Artist

Derek Hilton

Genre: Classical ,Film Score
Origin: U.S.A
Listen on Coda
Derek Hilton composed hundreds of television themes during his extended service as musical director at Britain’s Granada Television and also functioned as arranger for vocalists such as Shirley Bassey, Tony Bennett, and Tom Jones. Born in Whitfield, England, on February 3, 1927, he started piano instruction at six and fronted his own ensemble, the Rhythmic Blue Notes, by fourteen. Called up in 1945 to the King’s Own Yorkshire Infantry, he instead performed piano for the Stars in Battledress revue alongside entertainers that included Peter Sellers and Spike Milligan. He further arranged for Gracie Fields and Kay Kendall before resuming civilian life and touring with bandleaders Johnny Dankworth and Sonny Rose.
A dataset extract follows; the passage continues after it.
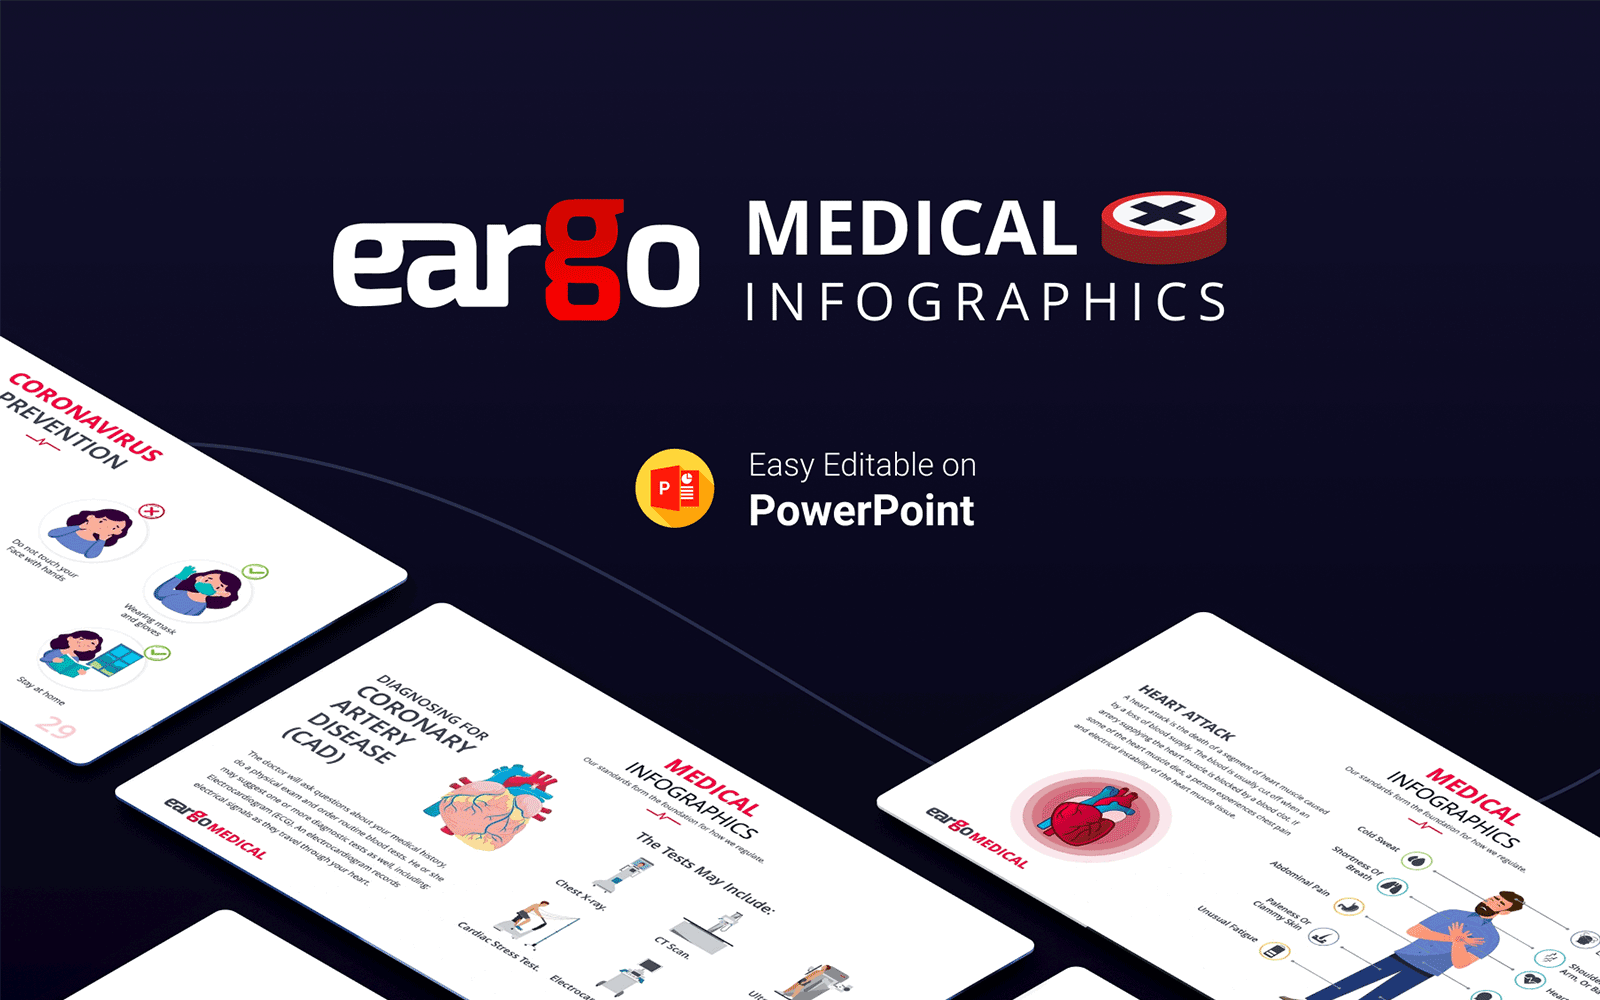 Eargo – Medical Infographic PowerPoint Presentation

In 1953 Hilton returned to the Manchester region to join the faculty of the Regional School of Music at Decibel Studios; while there he played in a jazz trio that was engaged in 1956 for Granada’s inaugural press reception, after which the producers of Spot the Tune recruited him to stand in for the regular pianist. The Derek Hilton Trio soon became a regular feature on the daily Granada programs Sharp at Four and People and Places. Hilton subsequently supplied themes and incidental music for numerous other Granada series, among them Coronation Street, All Our Yesterdays, Mr. Rose, The Caesars, Paris 1900, Spoils of War, and A Kind of Loving. By his own estimate he wrote roughly 250 such themes, one of which—for the 1973 series Country Matters—earned an Ivor Novello Certificate of Honour. When television duties permitted, he also worked extensively as a pop arranger, collaborating in addition with Johnny Mathis, Jack Jones, and Buddy Greco. Following a Bafta nomination for his score to the 1986 production Lost Empires, Hilton left Granada and spent several years as musical director for the P&O and Cunard cruise lines until his death on July 11, 2005.